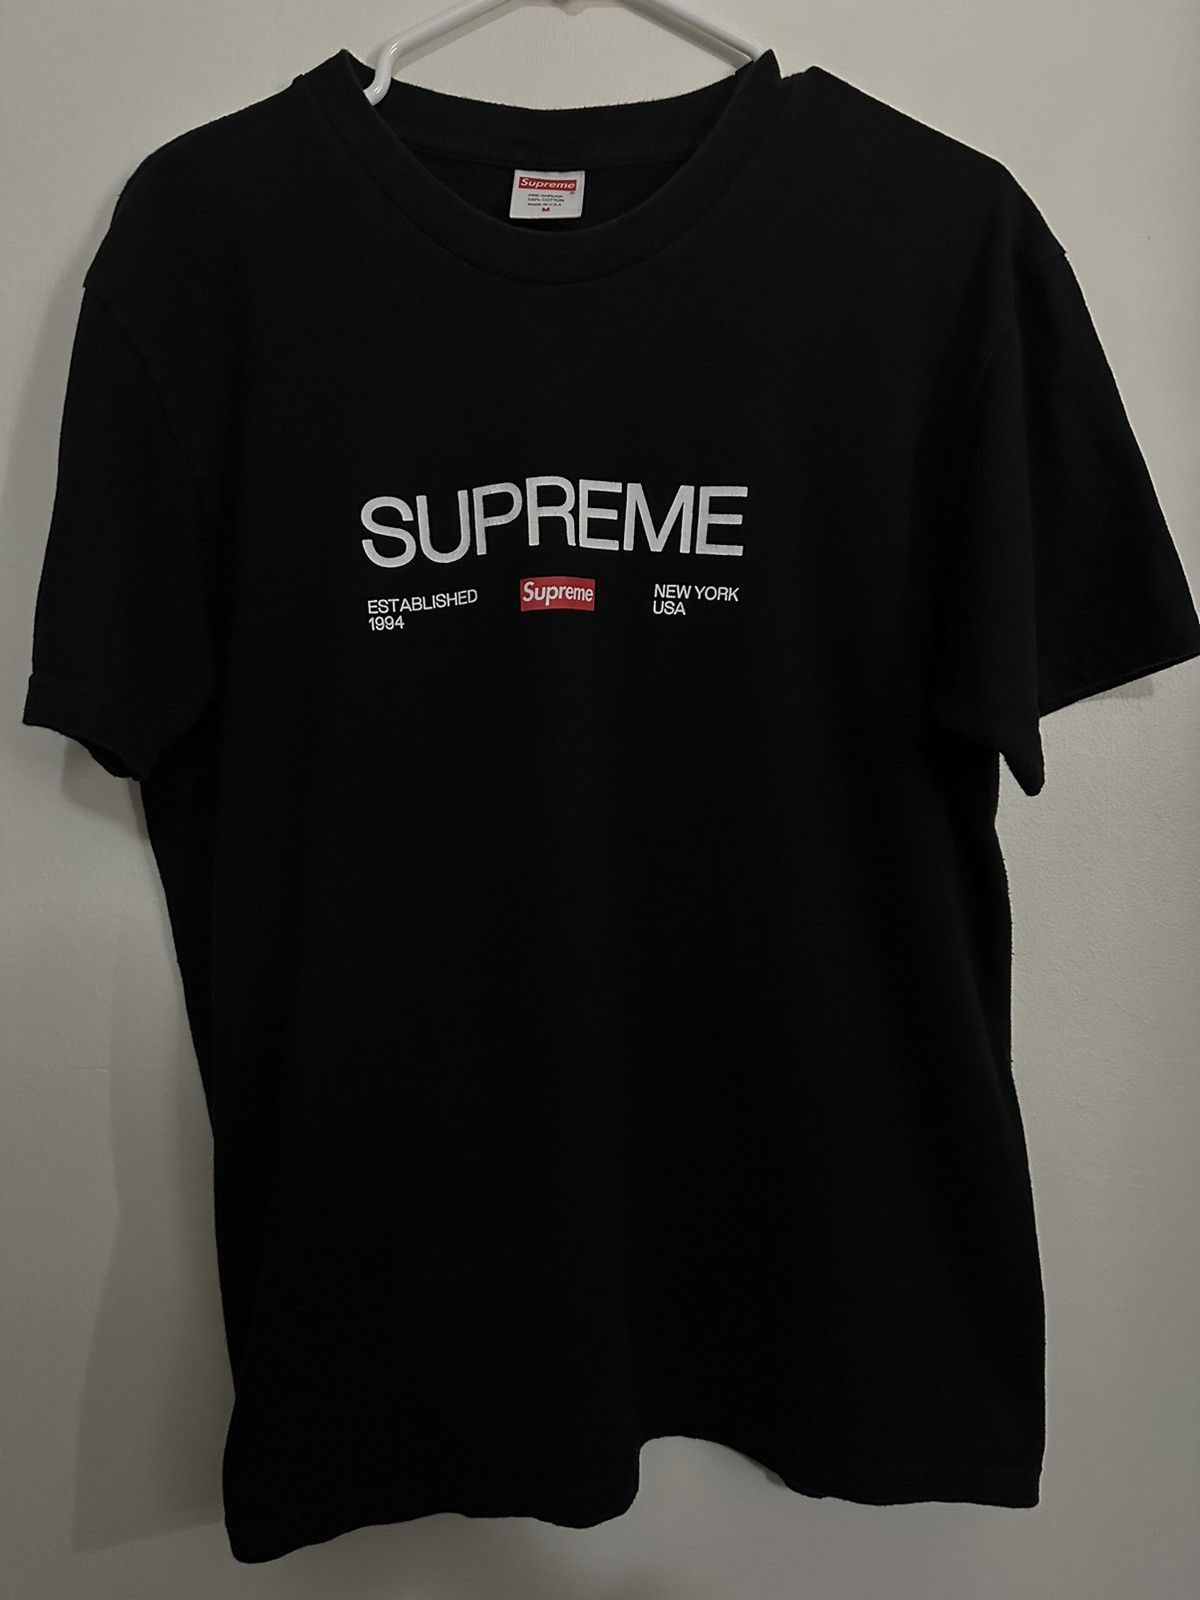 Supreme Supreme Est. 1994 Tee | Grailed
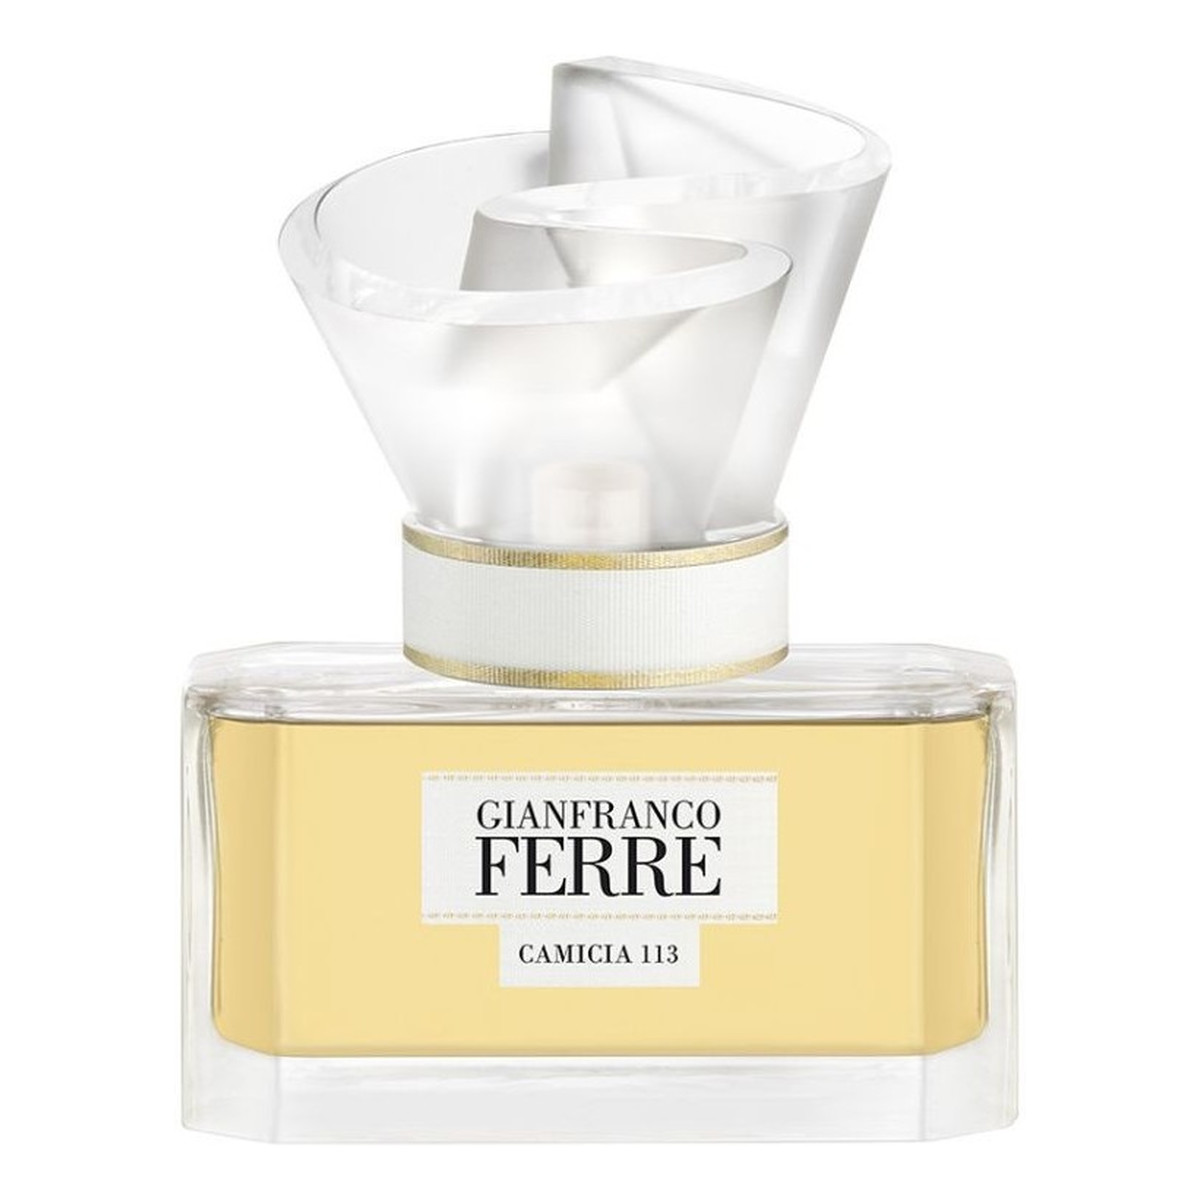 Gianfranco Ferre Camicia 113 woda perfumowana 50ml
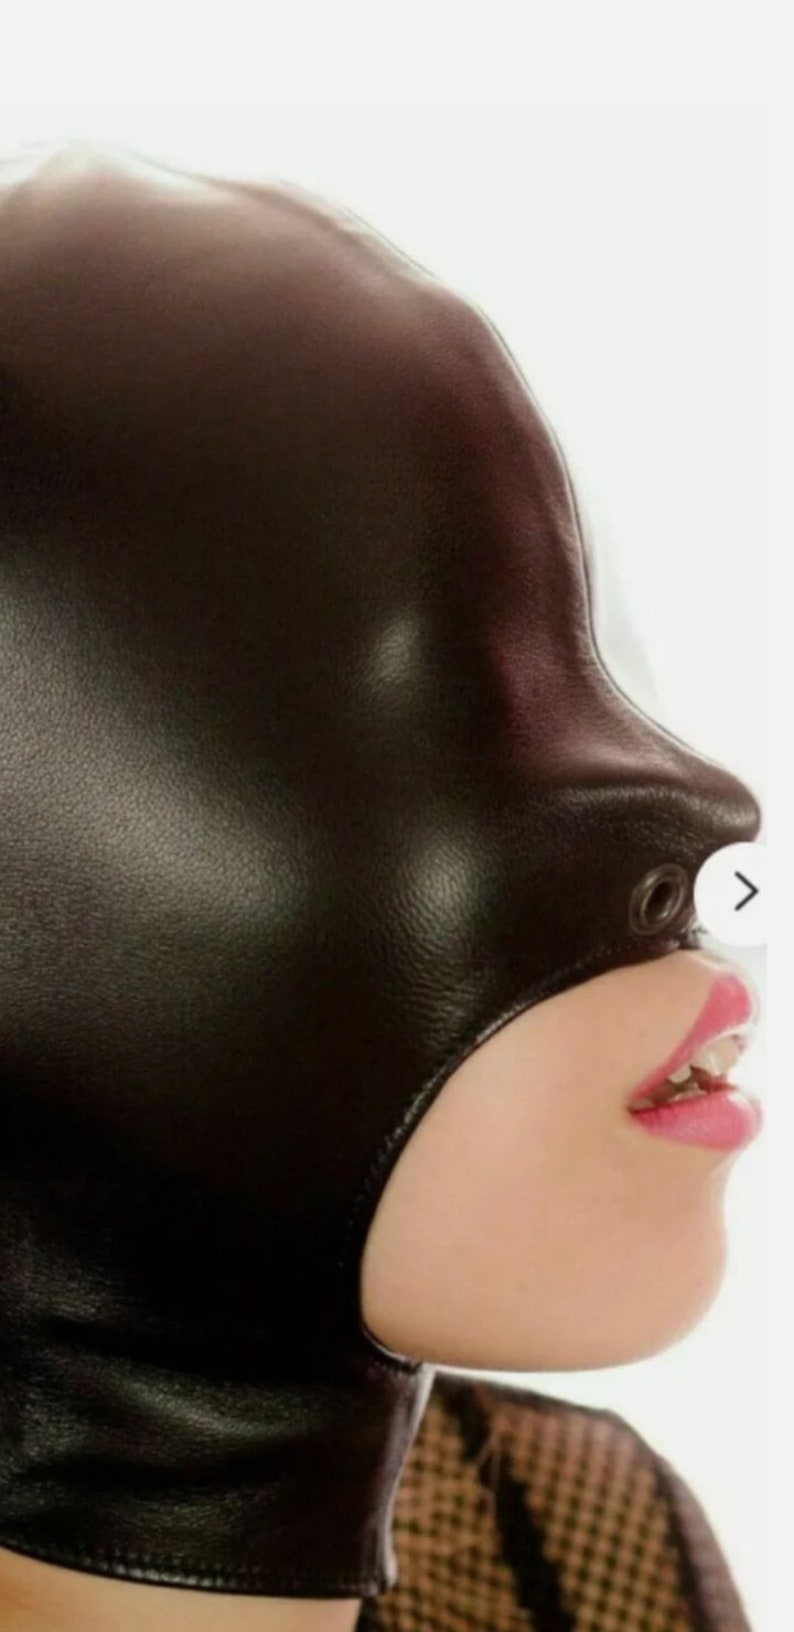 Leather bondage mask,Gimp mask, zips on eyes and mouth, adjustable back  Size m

* WORK ORDER *
Copy out all the data above exactly, pictures excluded.

* TASK RESPONSE *
 Supreme Supreme Est. 1994 Tee | Grailed
 Gianfranco Ferre Camicia 113 woda perfumowana 50ml
 Leather bondage mask,Gimp mask, zips on eyes and mouth, adjustable back  Size m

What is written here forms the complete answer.